There is one class of people among us who should have no difficulty in filling up their one hour every night of watching and prayer. “Hast thou considered my servant Job?”–the Hearer of prayer asks all fathers and mothers among us. For when Job’s sons and daughters were invited out to a supper, did Job go to sleep, do you suppose, at his usual hour, and with his usual repose of mind? Far from that. What do we find written concerning Job? As soon as Job’s children had started off in their high spirits, their old father that moment went out to his flock, and took a lamb according to the number of his sons and daughters, and offered sacrifice for them all to God. “For who knows,” he said, “what temptations my children may meet with before they return home?” And then he sprinkled the atoning blood in the direction of the house of feasting, and ceased not from his intercessions till he saw his children home.

And not on their nights of late hours only, but every night, as our children grow up around us, what a privilege, what an absolute necessity, it is for a father and a mother to have an hour set apart in which to reflect, and to plan, and to pray, concerning their children. You might do this, my friends, an hour every night. How many children has God given you to bring up for Him? You might take Susanna Wesley’s way. She read and prayed both “with and for” her whole family, an hour each night. When they were old enough, they shared their mother’s work among the younger children. You might begin to do something like that; and who can tell how God would pay you your wages?

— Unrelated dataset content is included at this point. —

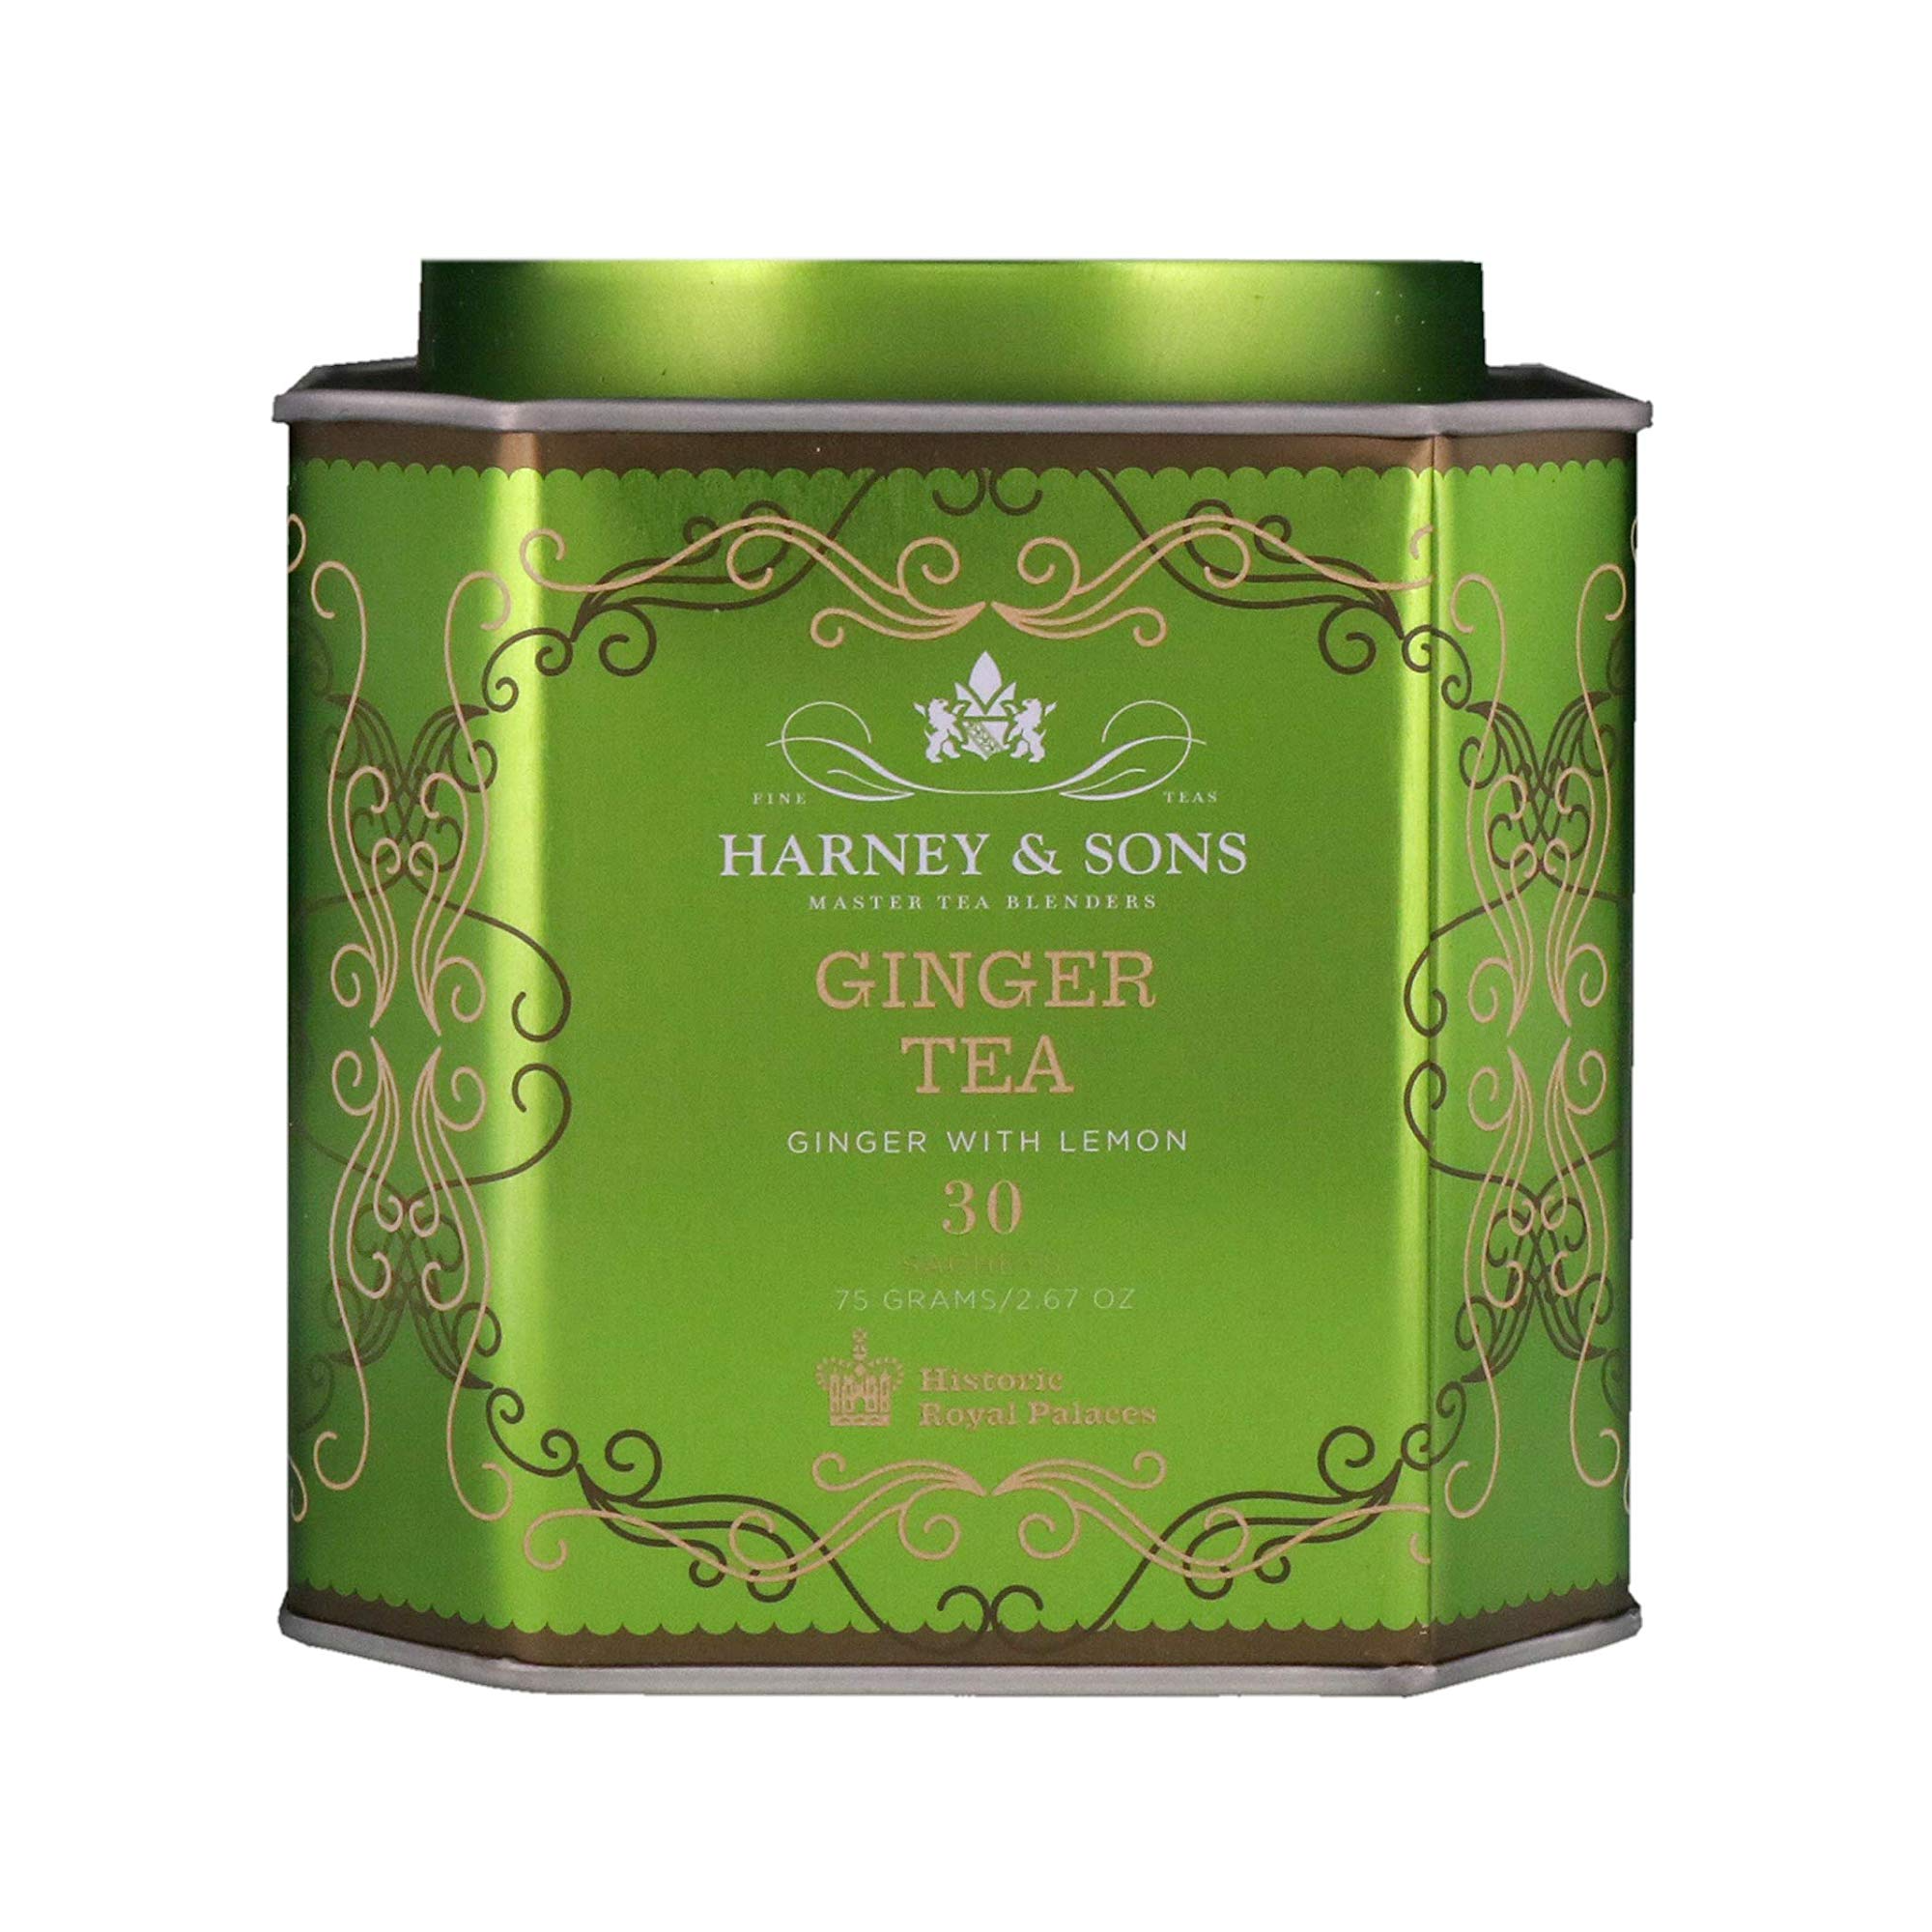 Harney & Sons Ginger Tea Ginger
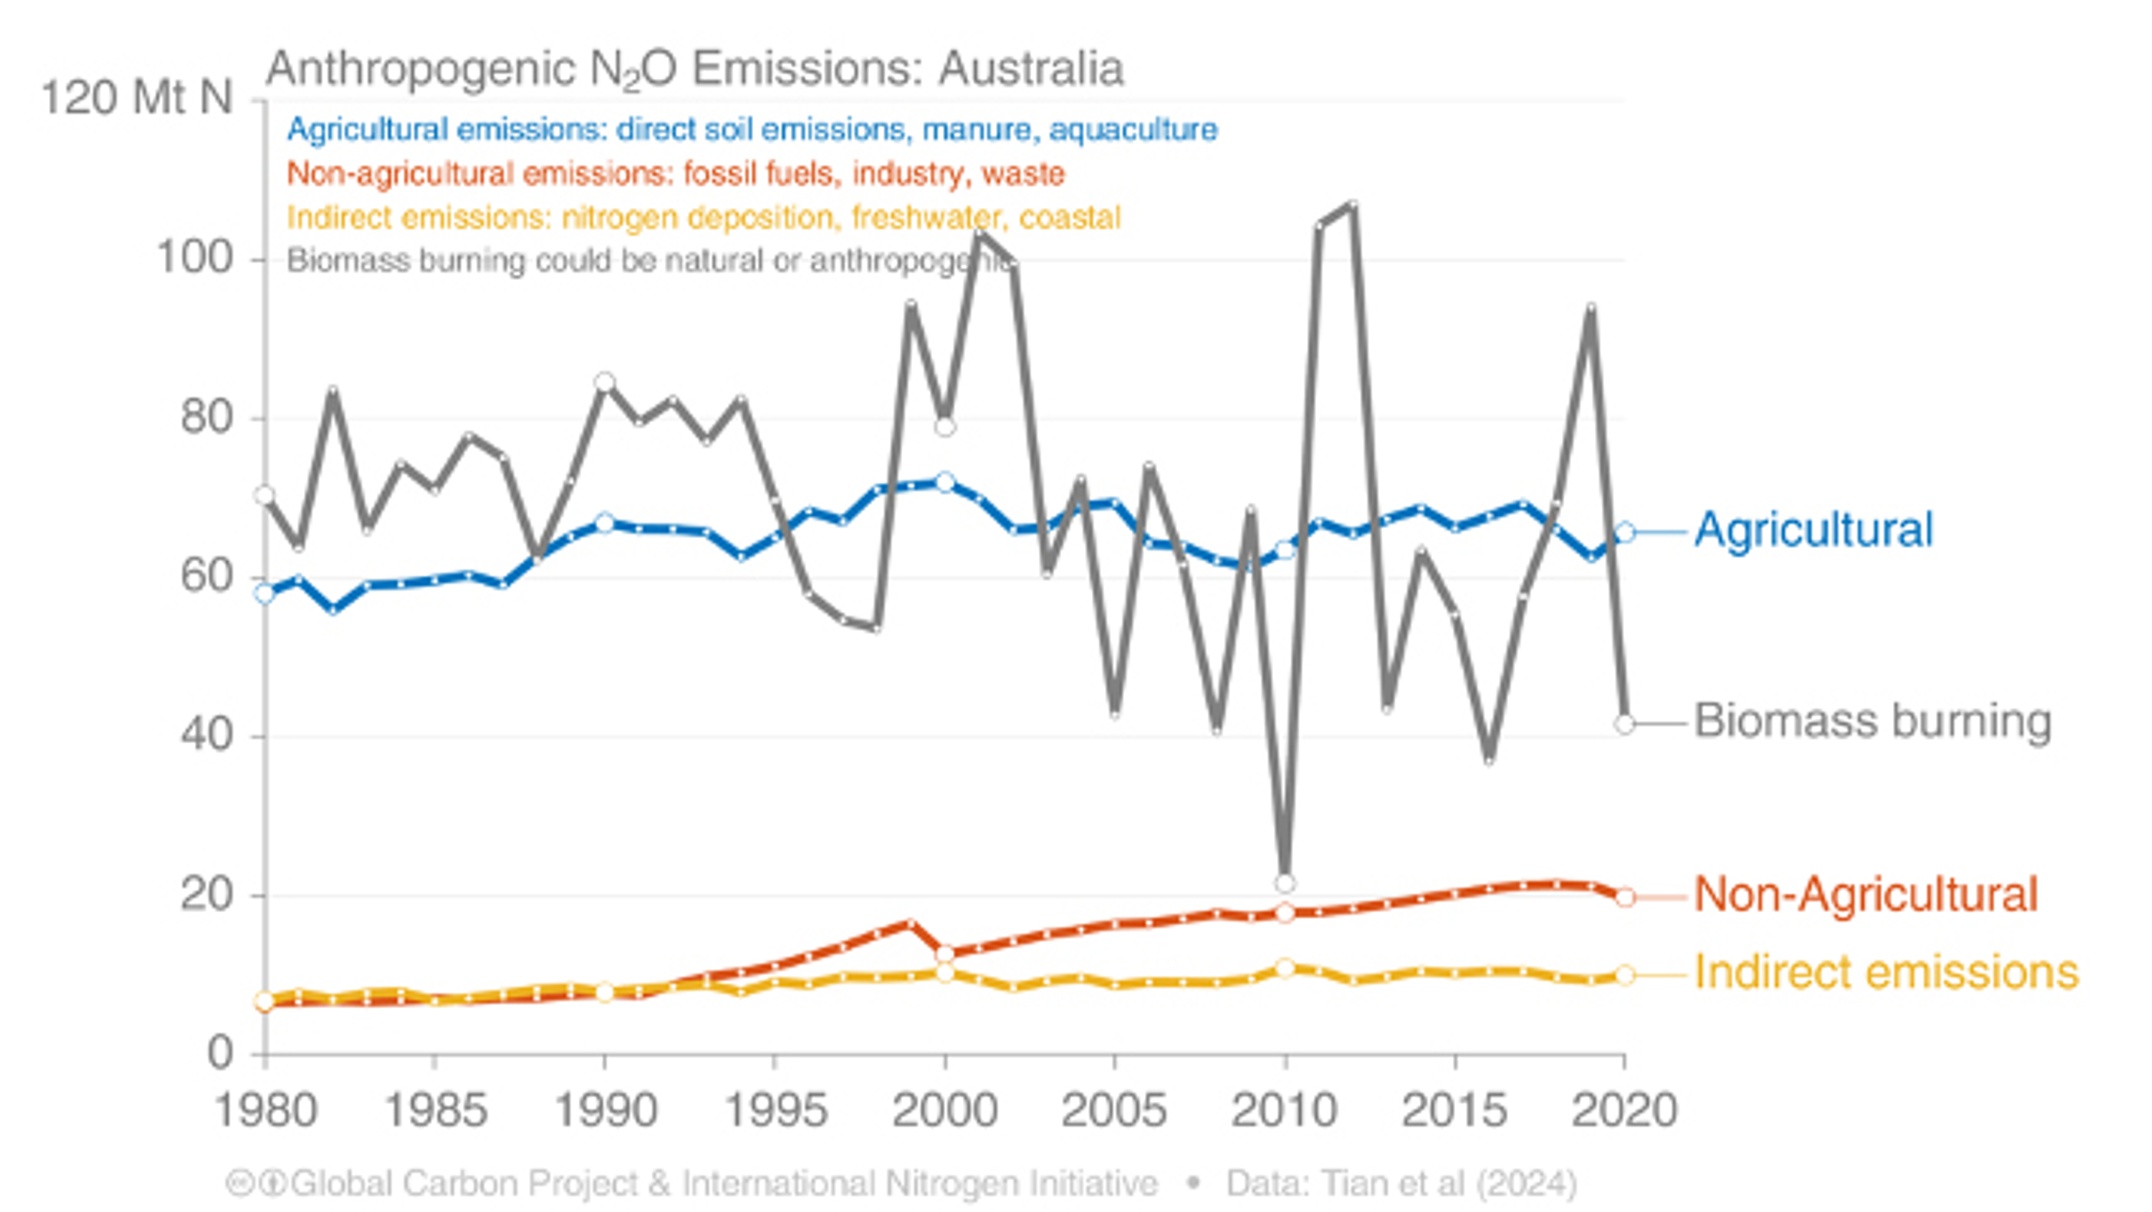 Australia's anthropogenic N2O emissions

The hour may hang heavy on other people’s hands. It cannot possibly hang heavy on a parent’s hands. Go over, towards God, the things in your children that are causing you anxiety. The things that, if they go on, will yet bring down your gray hairs with sorrow to the grave. As also, go over the things in yourself, that are destroying your influence with your children. “I will behave myself,” said the Psalmist, “wisely in a perfect way. O when wilt Thou come to me? And I will walk within my house with a perfect heart.”

Whoever you are–parent or child, old or young, sinner or saint–give yourself to prayer. Let no distaste for prayer turn you away from it. Let no want of practice, let no difficulty in it, make you give it up in despair. Let no greatness of sin, or frequency of sin, frighten you away from the Throne of Grace.

Begin tonight: and never, on any account, give it up. Whatever else you do, or do not do–in God’s name I beseech you to pray. Pray, and you will pray yourself into a life of pardon and holiness, till you pray yourself into heaven itself. Yes, begin tonight. Try one week of it, and then judge for yourselves.